Work required ▸ Reproduce the lines of the material exactly, excluding every image.

Extracted information ▸
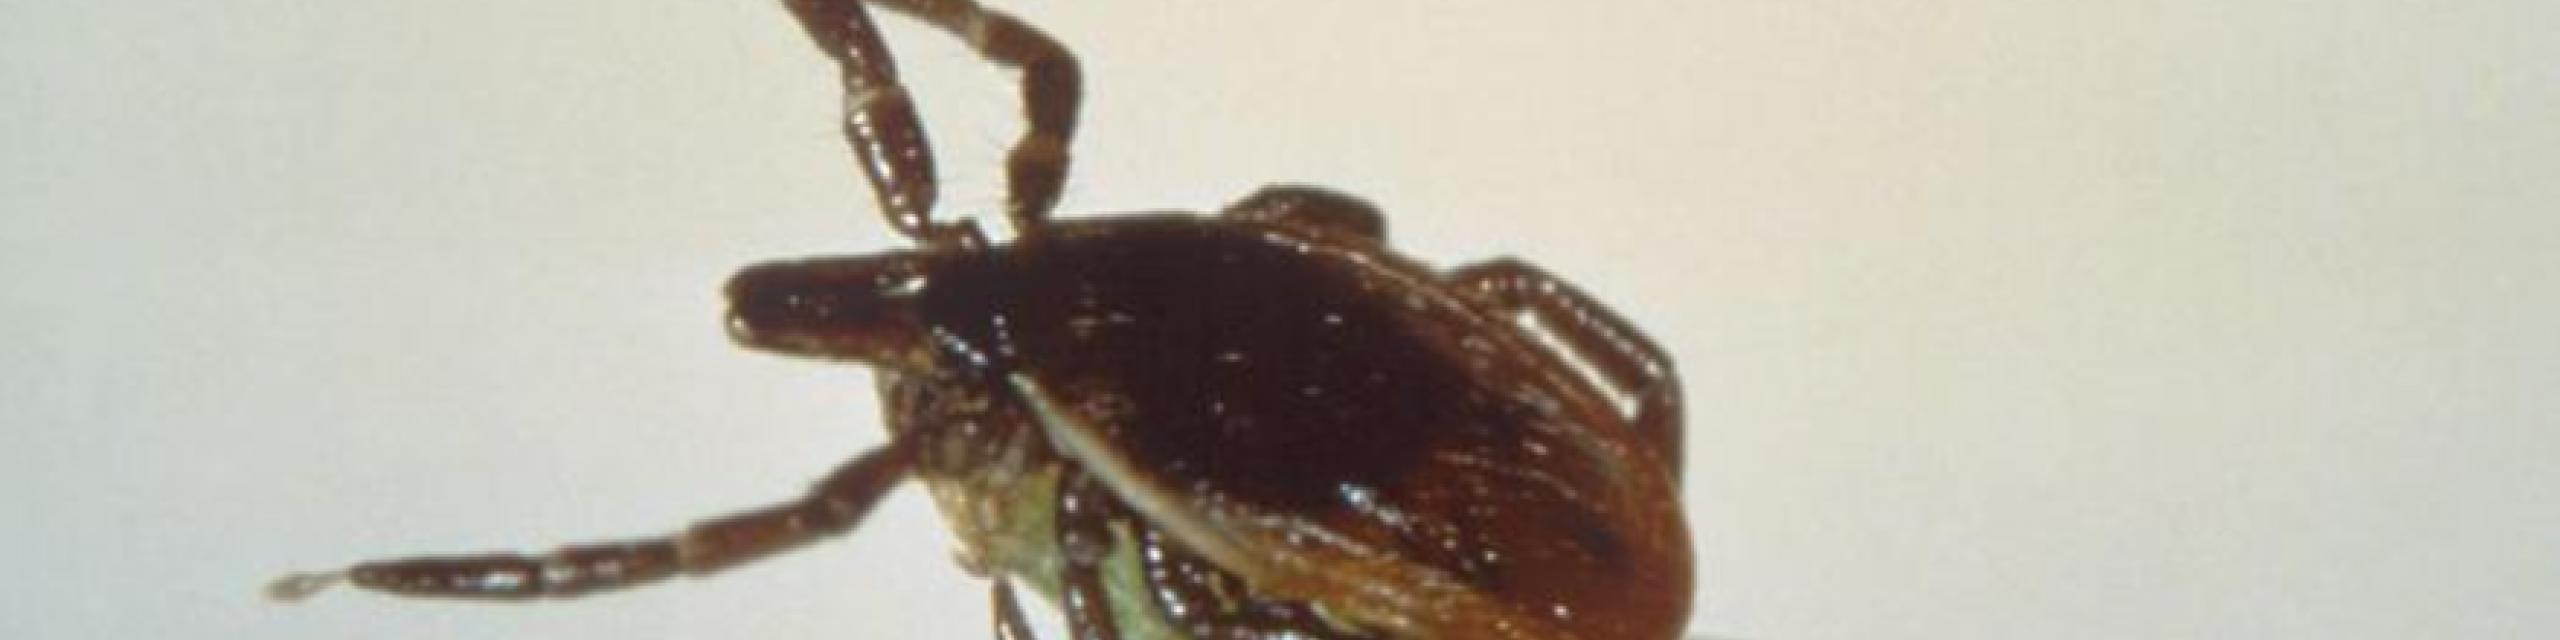 Example Image of Ticks - Humboldt Termite & Pest
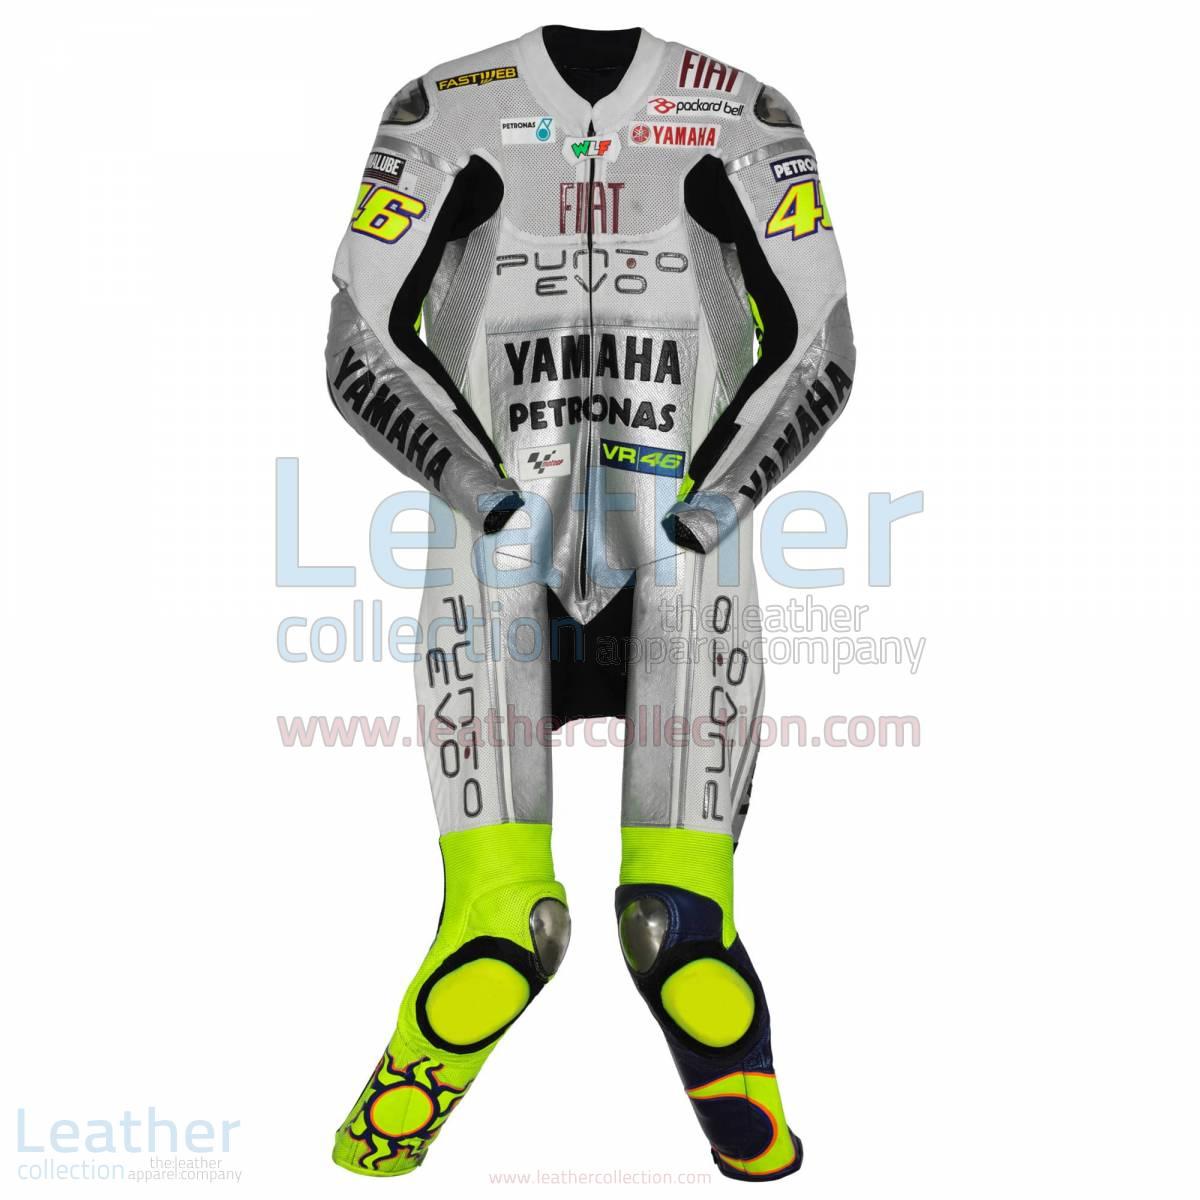 Valentino Rossi Yamaha Fiat 2009 Racing Suit
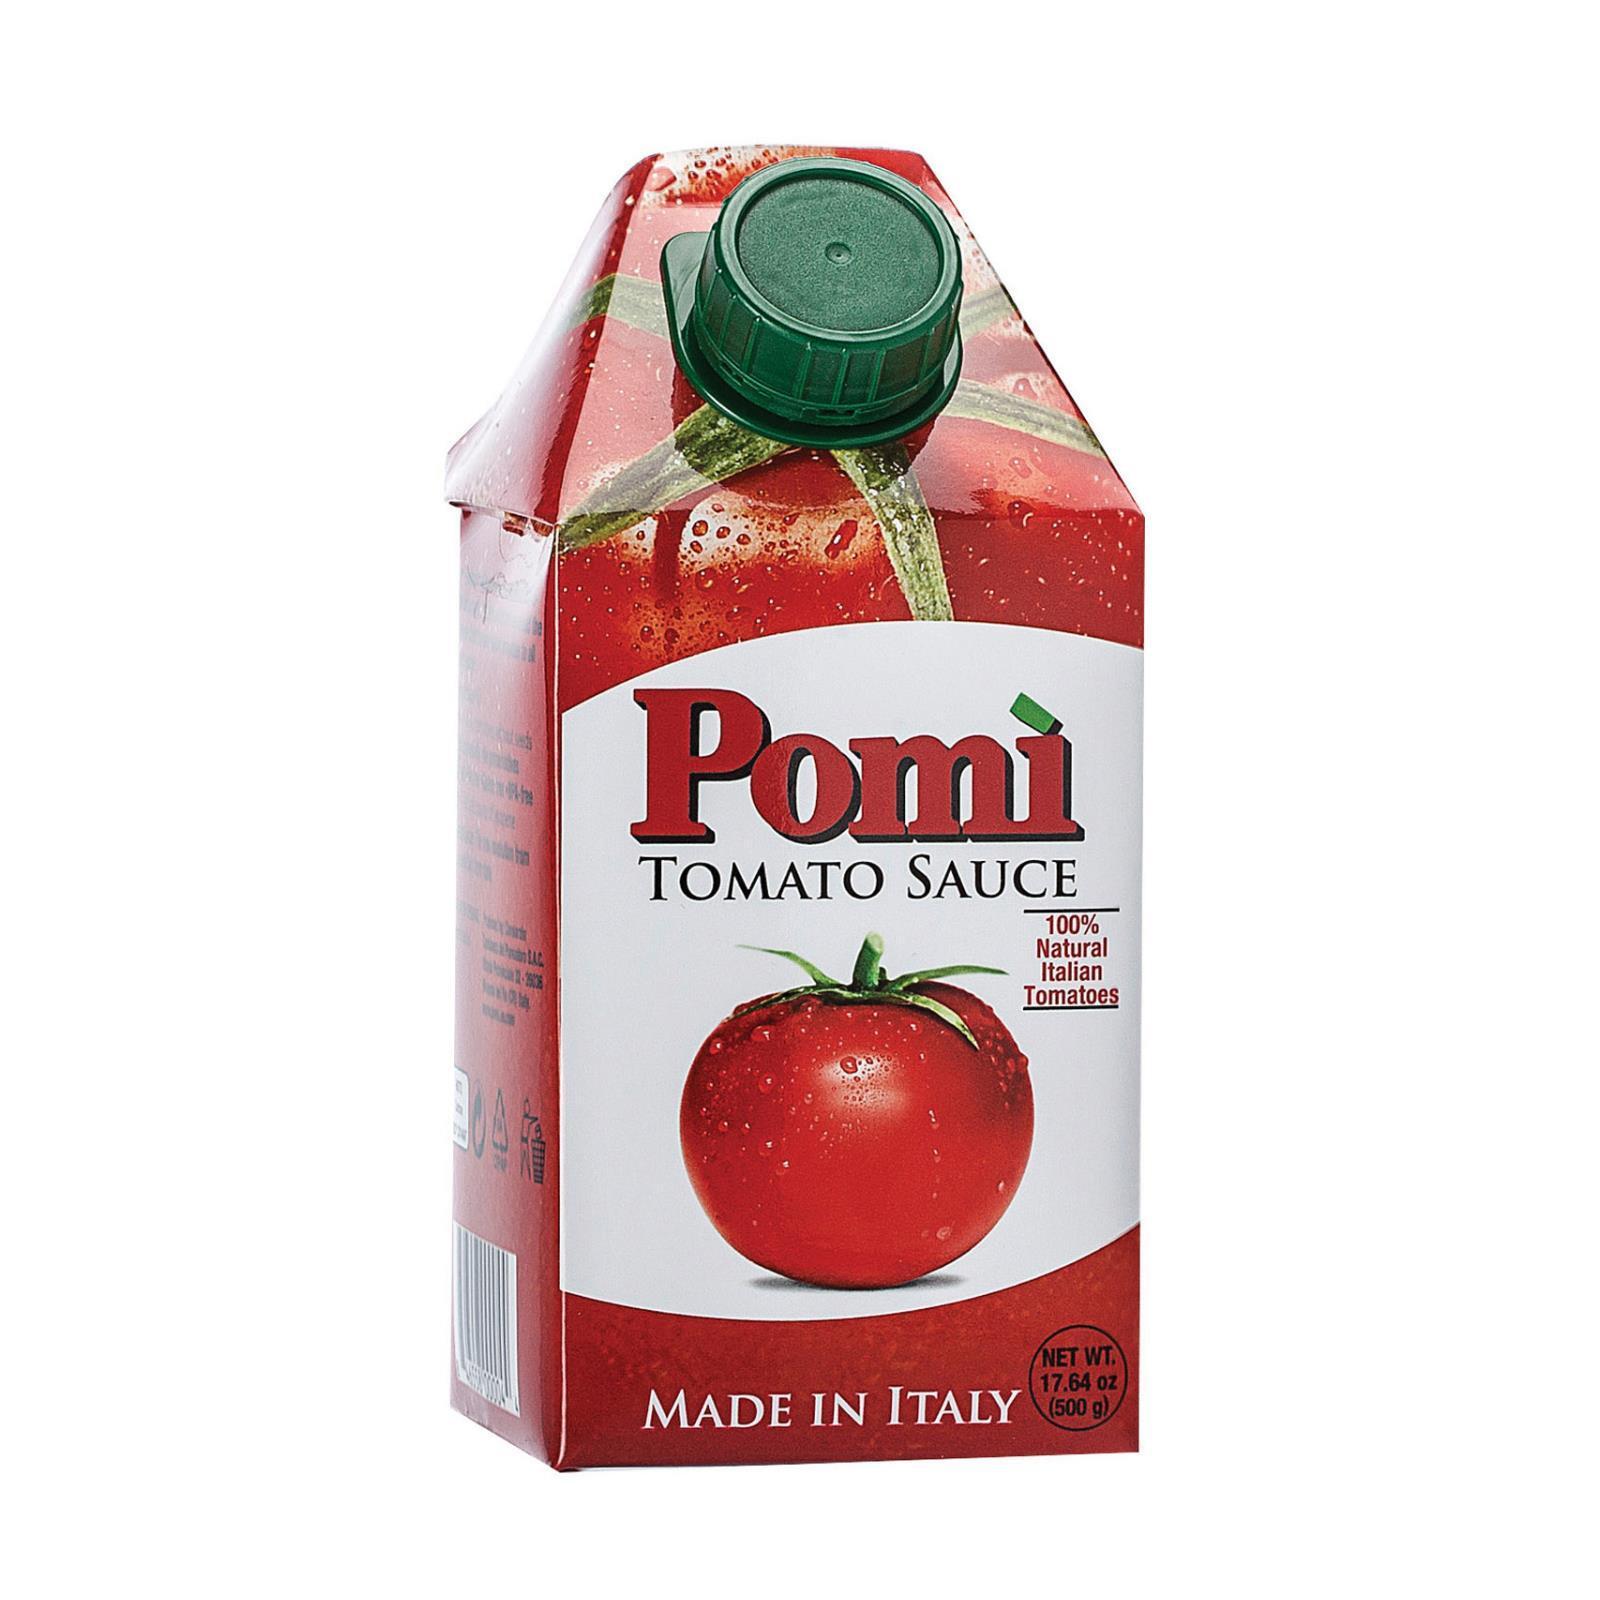 Pomi Tomatoes Tomato Sauce - Case of 12 - 17.64 Fl oz.
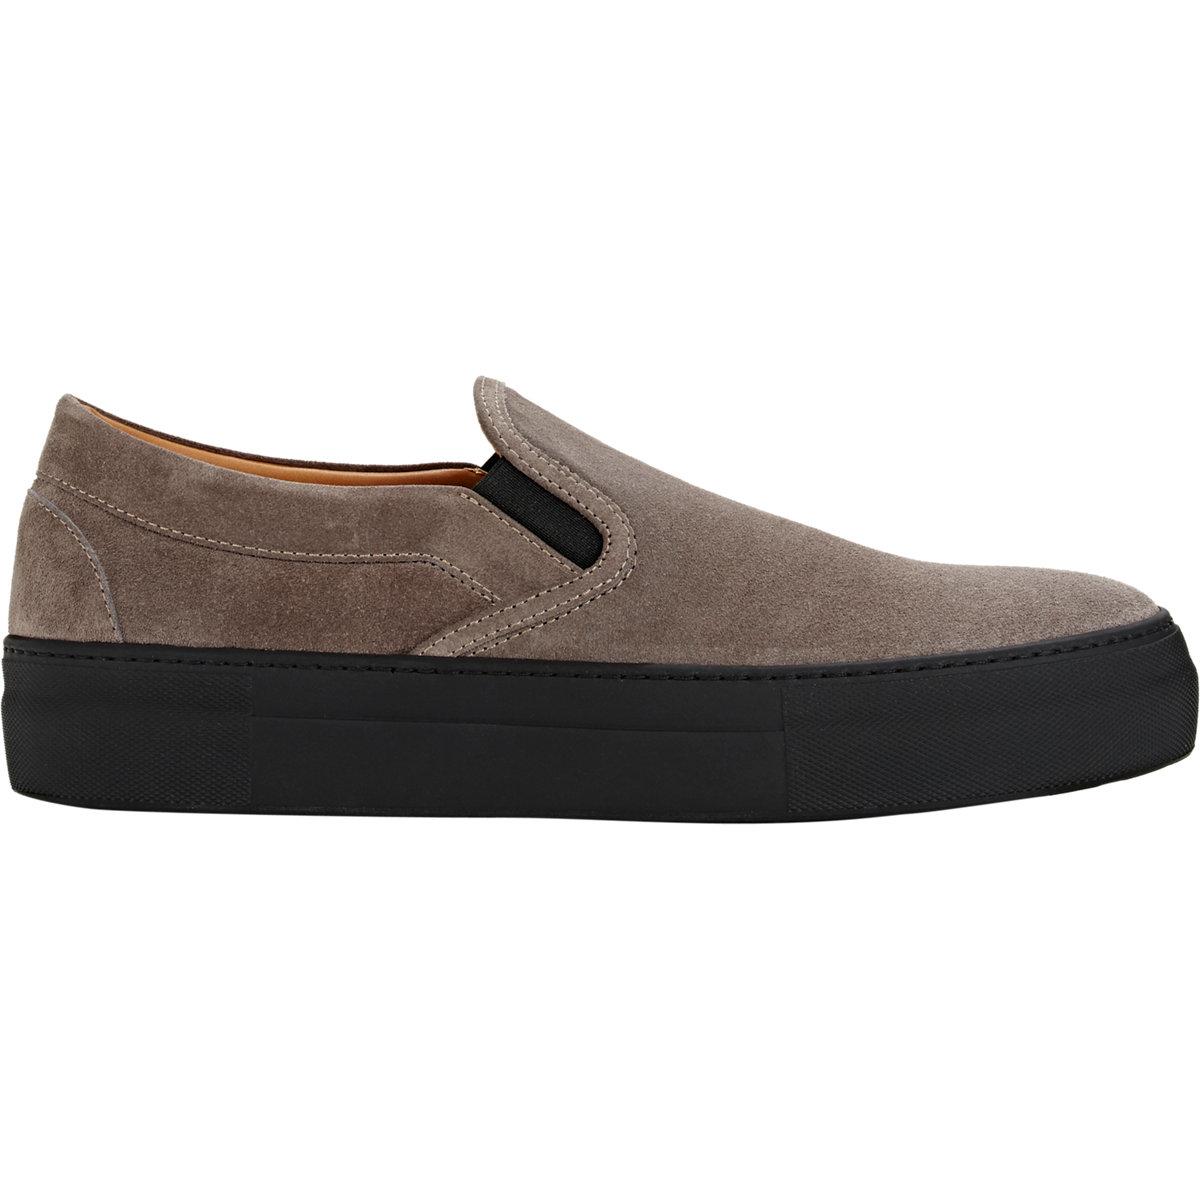 barneys new york suede slip on platform sneakers in gray
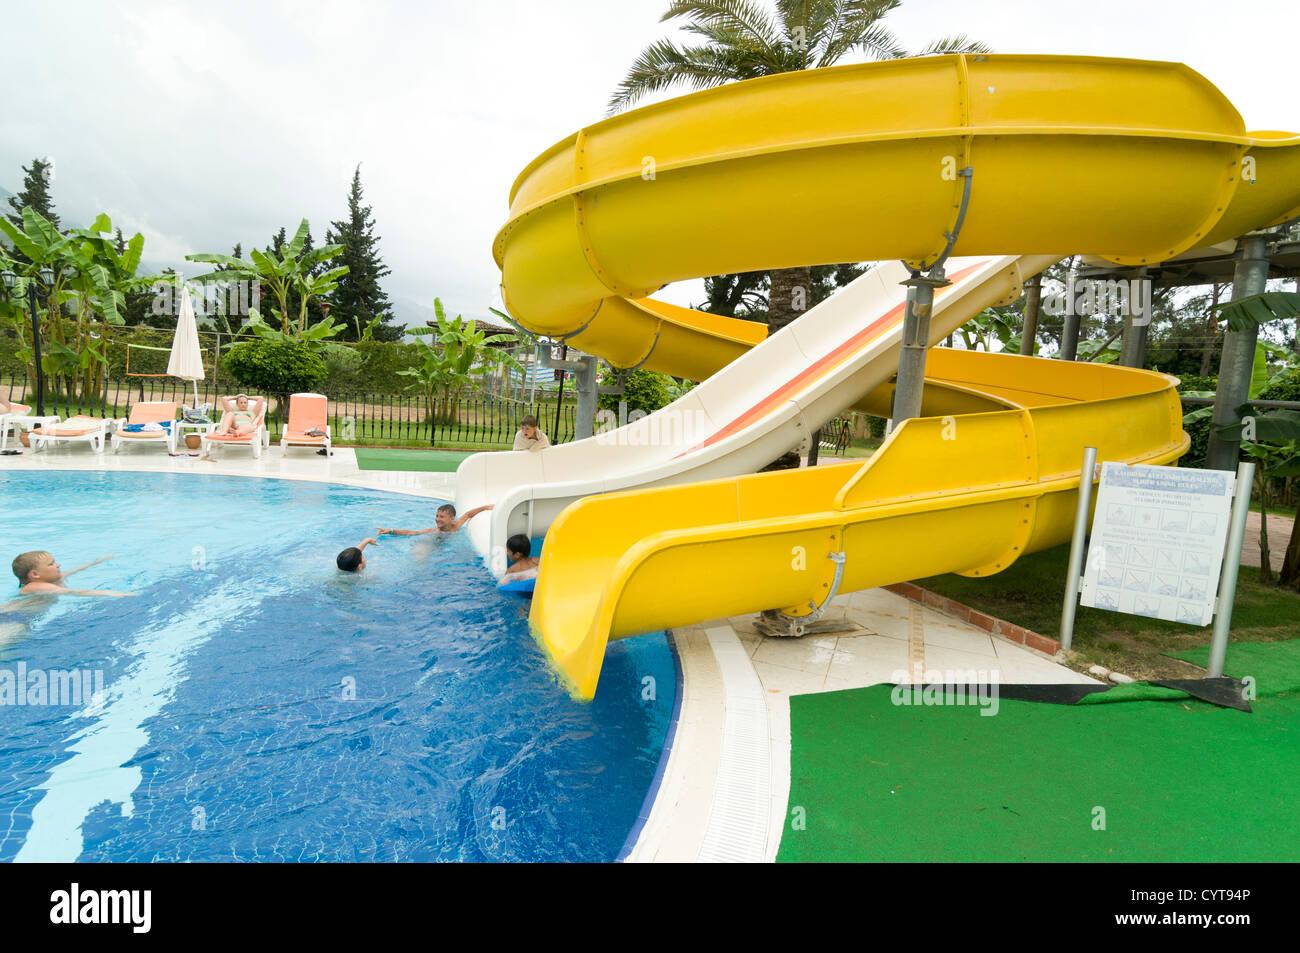 Water Slide Children Pool Kid Sunbed Hotel

Reply ▸
 Example Image of Ticks - Humboldt Termite & Pest
 Valentino Rossi Yamaha Fiat 2009 Racing Suit
 Pomi Tomatoes Tomato Sauce - Case of 12 - 17.64 Fl oz.
 barneys new york suede slip on platform sneakers in gray
 Water Slide Children Pool Kid Sunbed Hotel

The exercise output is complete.